ACTIVITY
When you copy the material below, keep every line exact and omit the pictures.

DATA PROVIDED
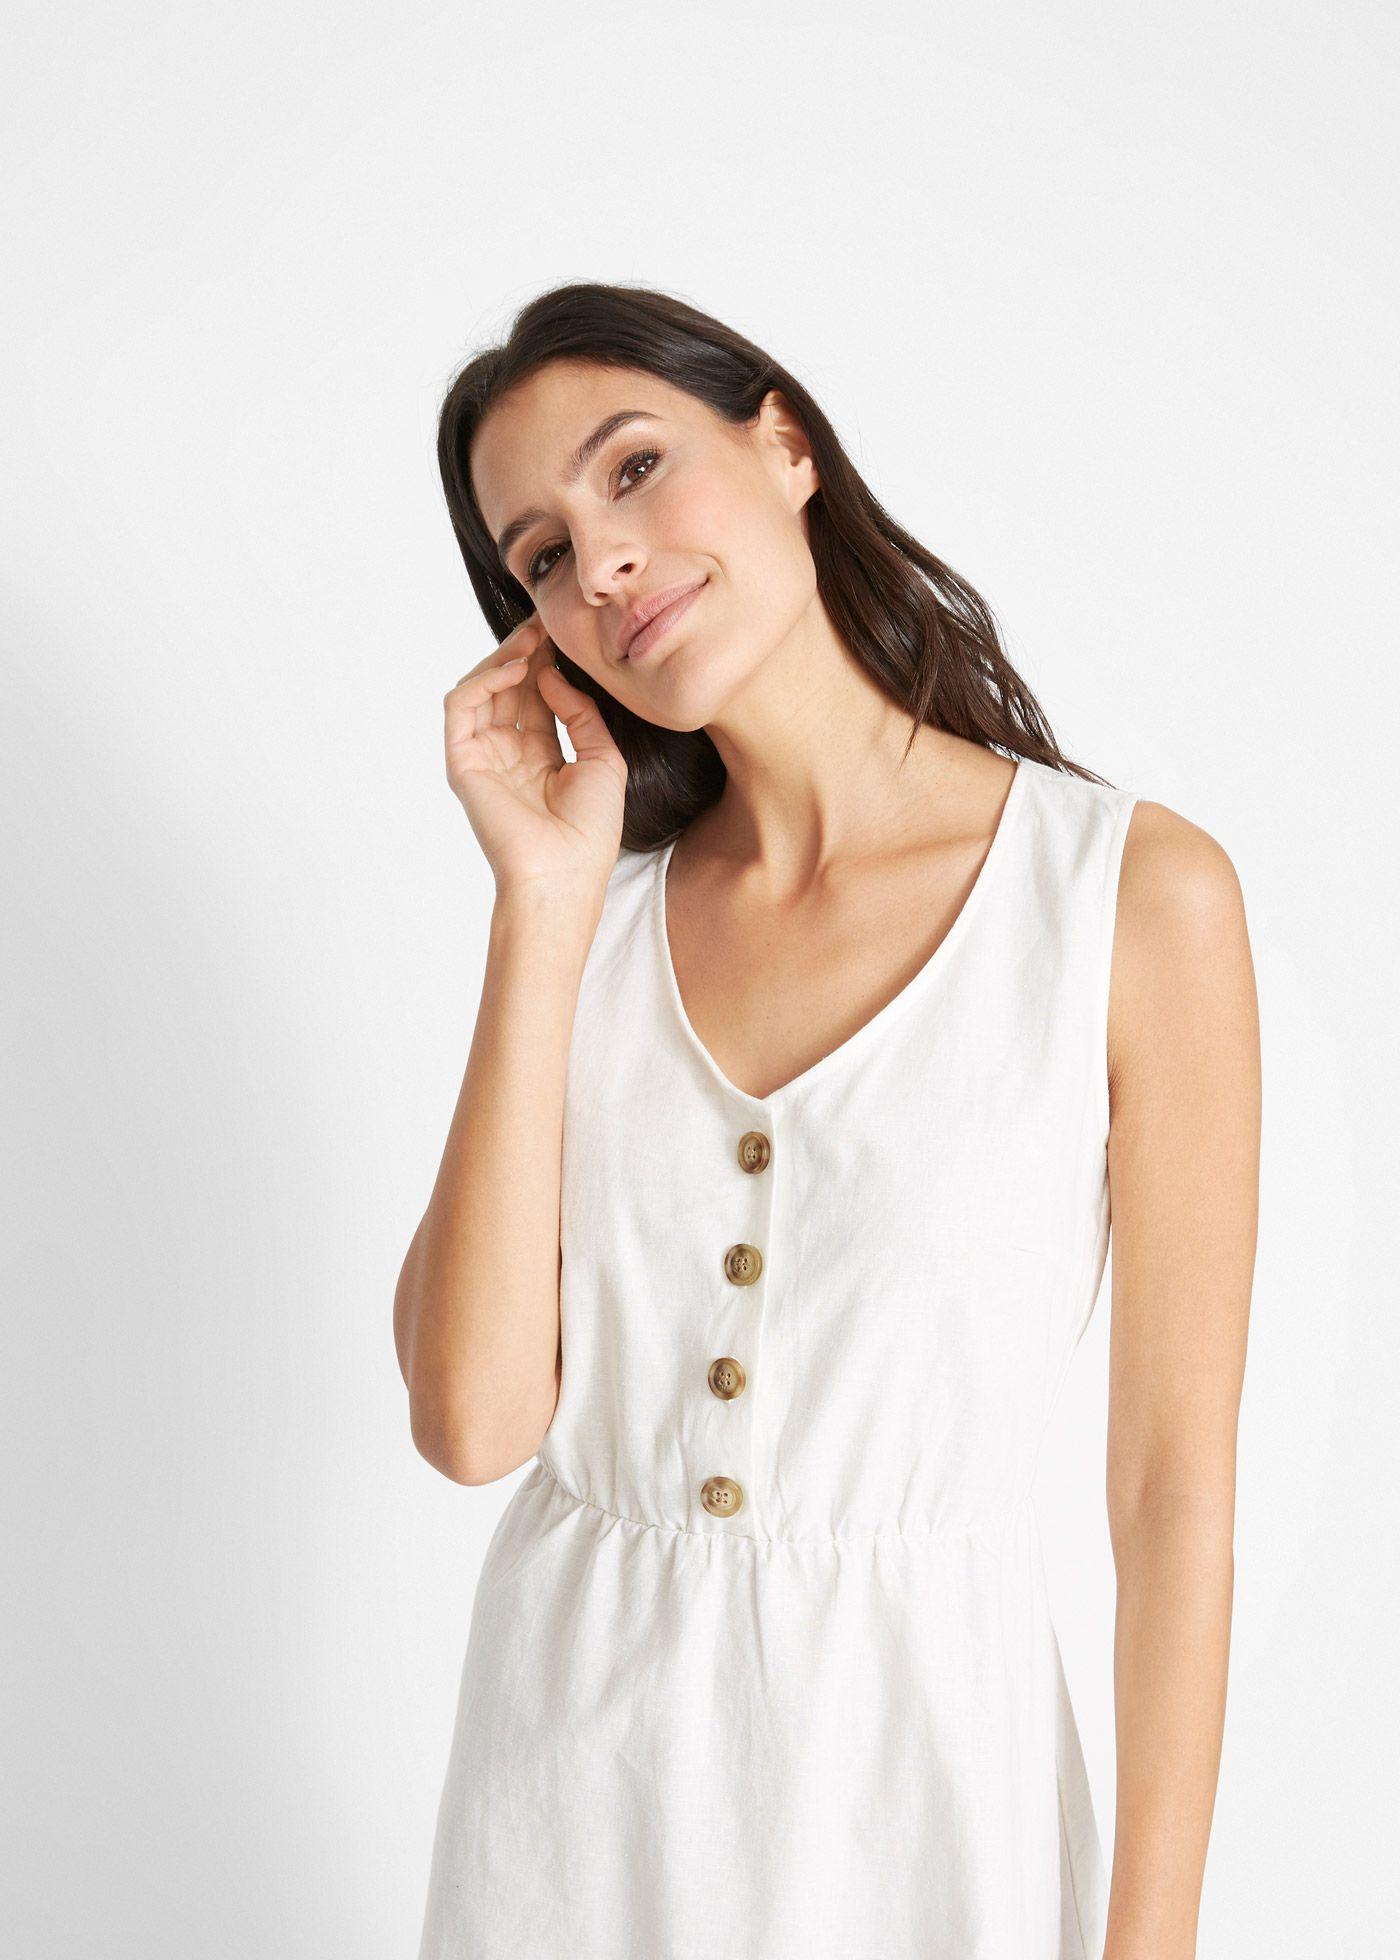 Locker Fallendes Leinenkleid Mit Funktionaler Knopfleiste Und Seitenschlitzen Leinenkleid Kleider Kleidung
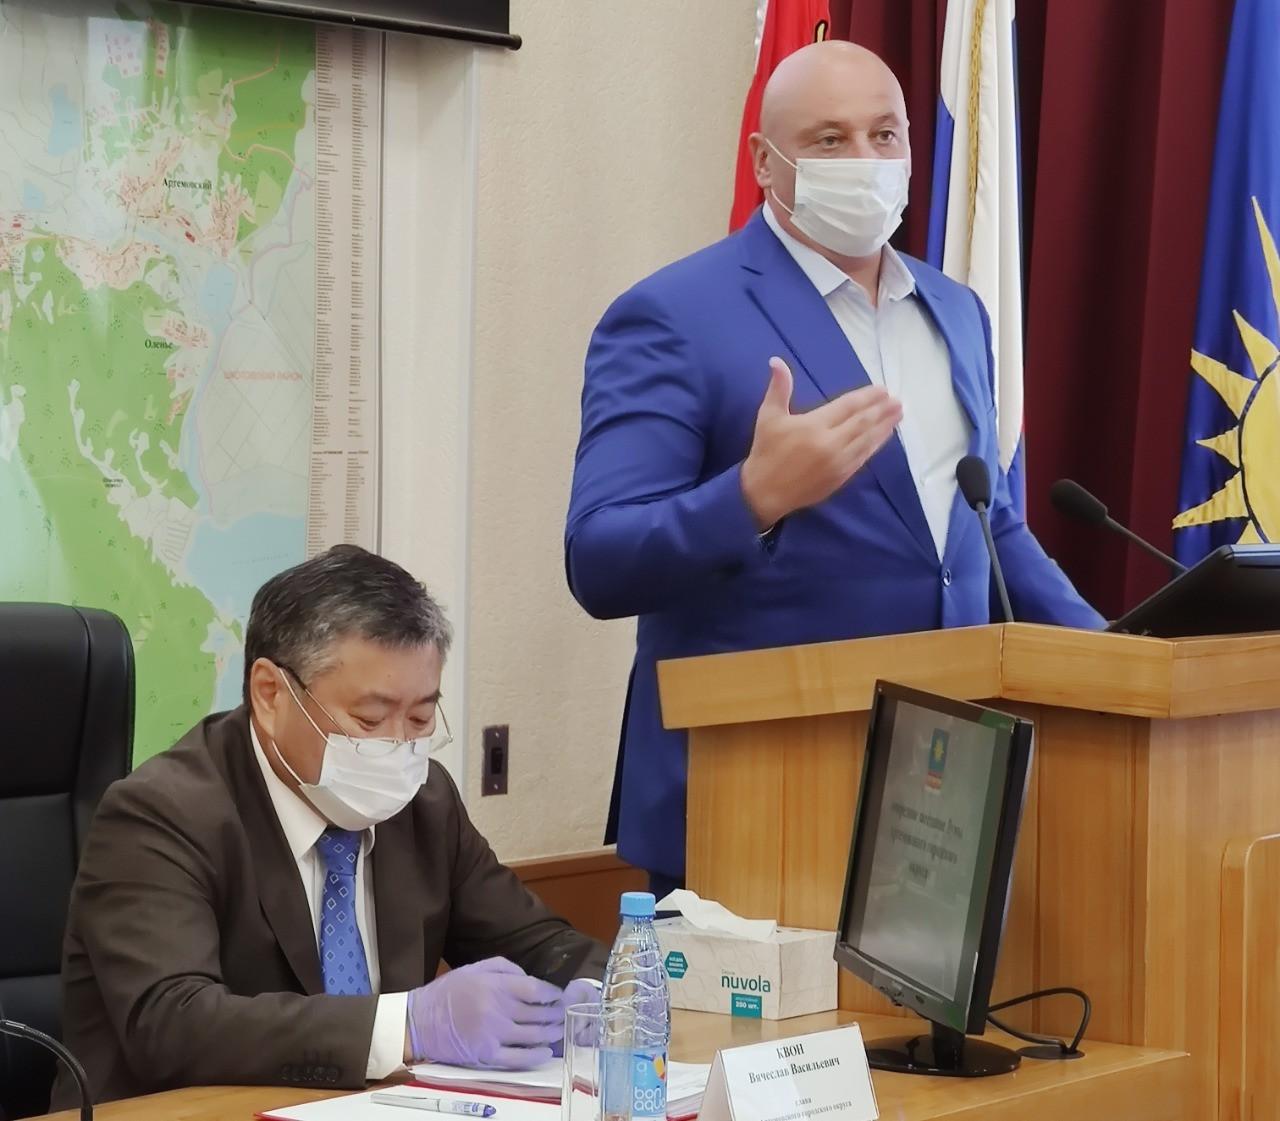 Игорь Чемерис: Несмотря на сложности, все выплаты производятся в срок
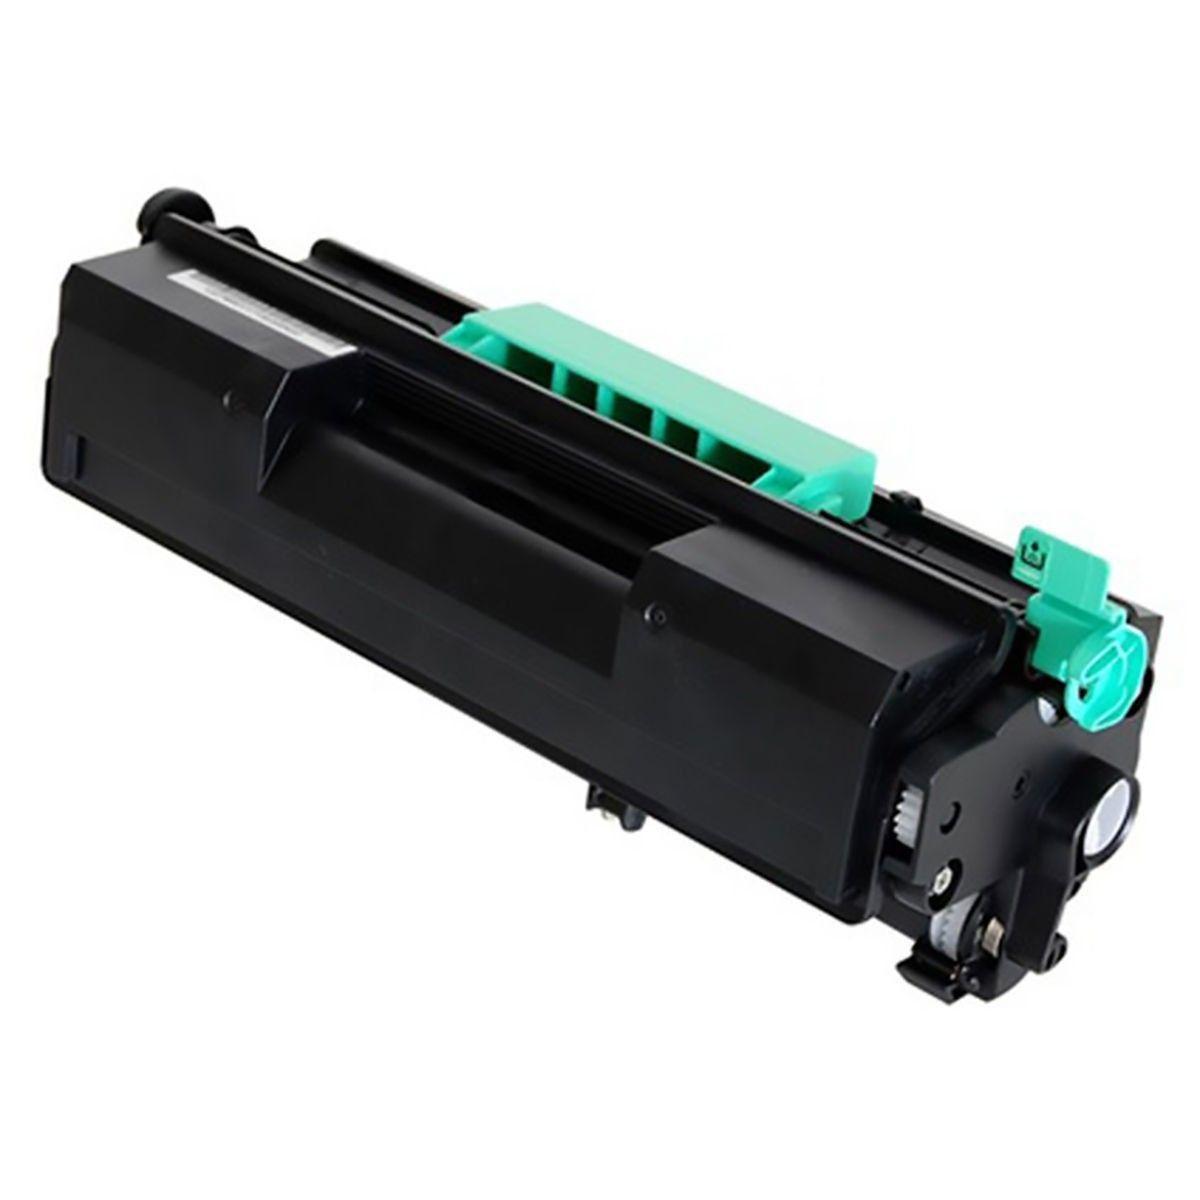 Compatível: Toner SP4500h para Ricoh Aficio SP-4500 SP-4510 SP-4510sf SP-4510dn SP-4520 SP4500 SP4510 / Preto / 12.000

ANSWER BOX
 Locker Fallendes Leinenkleid Mit Funktionaler Knopfleiste Und Seitenschlitzen Leinenkleid Kleider Kleidung
 Игорь Чемерис: Несмотря на сложности, все выплаты производятся в срок
 Compatível: Toner SP4500h para Ricoh Aficio SP-4500 SP-4510 SP-4510sf SP-4510dn SP-4520 SP4500 SP4510 / Preto / 12.000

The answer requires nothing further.